Research, both archaeological and documentary, explain the rich history
of this site. In the late 1st Spanish period, 1760's, Antonio De Mesa, a
minor treasury official, owned and lived in a simple 2 room "common plan
house" on this site. During the British occupation, 1763-1784, a series of
British owners, particularly an indigo planter and merchant, Joseph Stout
of Philadelphia, made substantial additions and alterations to the Spaniards
humble shelter. Later, Juan Sanchez, the master caulker to the royal works,
acquired the property during the 2nd Spanish period, 1784-1821, and modified
the house even more. Although Sanchez was a Spaniard, his architectural
preference apparently was more in sympathy with the Anglo traditions of his
The last significant chapter in the architectural evolution of the De
Mesa-Sanchez House occurred during the American Territorial period, 1821-1845.
- 2 -
During this time the total value of the property almost'doubled. Cartographic
records indicate an expansion of the east wing to incorporate the once separate
coquina kitchen to the main body of the house. Reasonably we can assume that
major renovations took place at this time. Title research indicates that
the house was purchased by James C. Lisk from New Baltimore, New York in
1835. Preliminary investigation has found that Mr. Lisk was a Quaker and
he was probably suffering from tuberculosis. The size of his house and the
amount of money he expended are significant indications of his economic
status. It is doubtful, however, that Mr. Lisk ever occupied his house
since he died in 1836. Individuals like Lisk, however, were typical of the
new Floridians moving to St. Augustine in the 1830's. The lure of a warmer
climate and the prospect of new business opportunities made territorial St.

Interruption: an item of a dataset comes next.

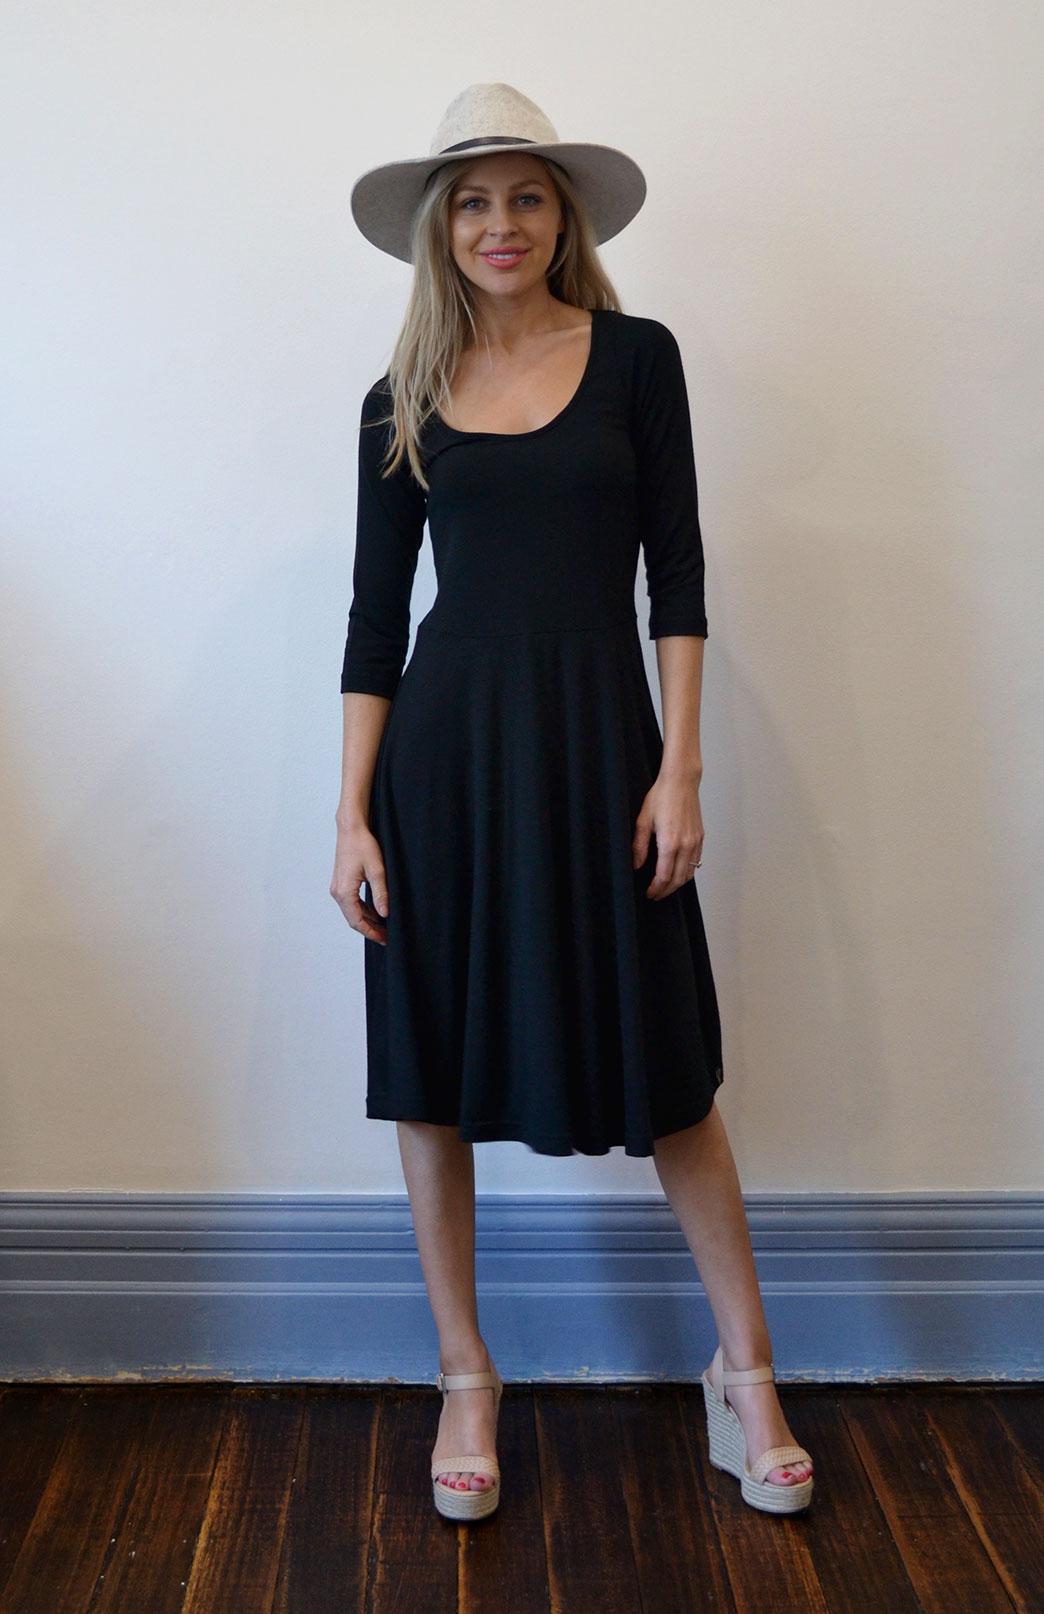 3/4 Jackie Dress - Women's Black Merino Wool 3/4 Sleeve Jackie Dress - Smitten Merino Tasmania Australia
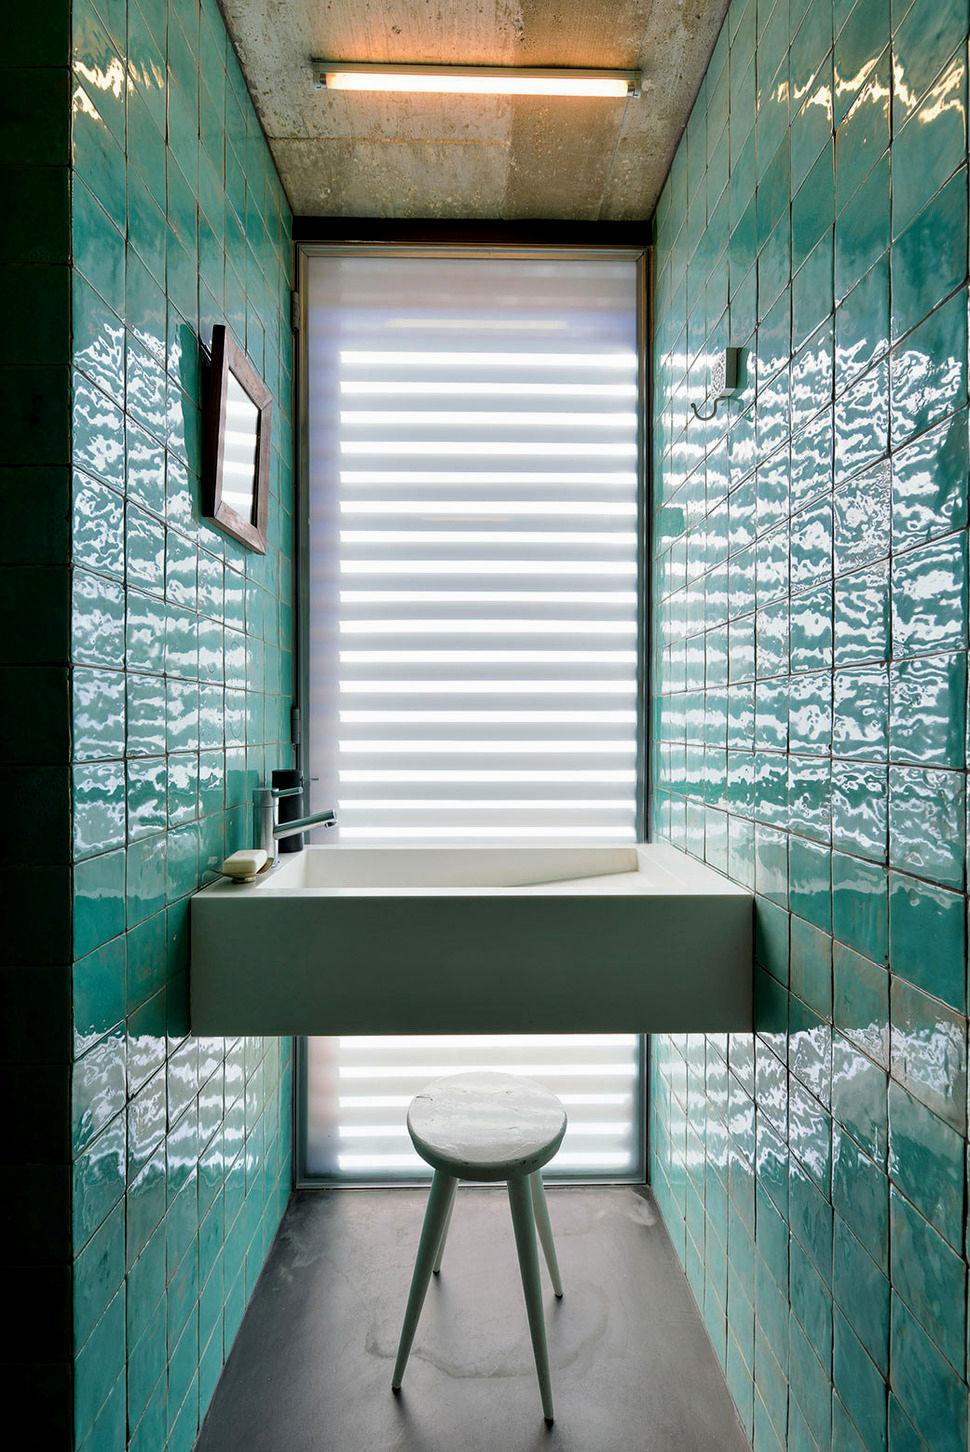 awesome bathroom art ideas layout-Beautiful Bathroom Art Ideas Concept

Augustine attractive to many.
A rapid succession of owners and tenants will occupy this house through-
out the duration of the territorial period. Among them was Charles Loring,
son of a local innkeeper and brother of American war hero, William Wing Loring.
Unfortunately no wills or inventories have yet been discovered which relate
directly to any single occupant of this house. Other reliable resource
materials do exist however, which will help to establish a basis in recreating
an historic interior of this early American Territorial period. Wills,
inventories, newspaper accounts and contemporary descriptions, both literary
and factual can be used to substantiate the interior decor. In accordance
with accepted professional practice, interpretation of the De Mesa-Sanchez
house will not be based on any single individual, but will be a re-creation
of life in St. Augustine based on the styles and tastes prevailing in the
American Territorial period. In general terms, interpretation will reflect
- 3 -
the domestic life an an Anglo-American family which has been transplanted
to St. Augustine for reasons of health or economics. Since their new home
is larger than the typical domestic structure at the time we will assume
that part of their building was devoted to some commercial venture and that
one or more of the rooms was probably occupied by an extension of their
family or boarders. Newspaper accounts show situations such as these were
common to St. Augustine in the early 19th century. Although it was, by some
standards, a backward town, people with the means and the inclination to own
fine furnishings were living in St. Augustine in the 1830's. Few communities
of its size could boast the presence of a Napoleonic prince, a prominent New
England essayist and several well to do northern.physicians. The surviving
decorative mouldings, doors and mantles in the house give testimony of a
pre-occupation with the neo-classical and "Grecian" architectural modes and
we assume that the furnishings would have complimented the style. However,
because of the tremendous expense involved, the difficulty of procurement,
and the high degree of sophistication implied, it would be unrealistic to
think that anyone in Frontier St. Augustine would have been willing or able
to furnish completely a house in pure Grecian decor. A blend of late 18th
and early 19th century pieces with an emphasis on the 1820's and 30's would
be a more accurate description of the De Mesa house furnishings at this time.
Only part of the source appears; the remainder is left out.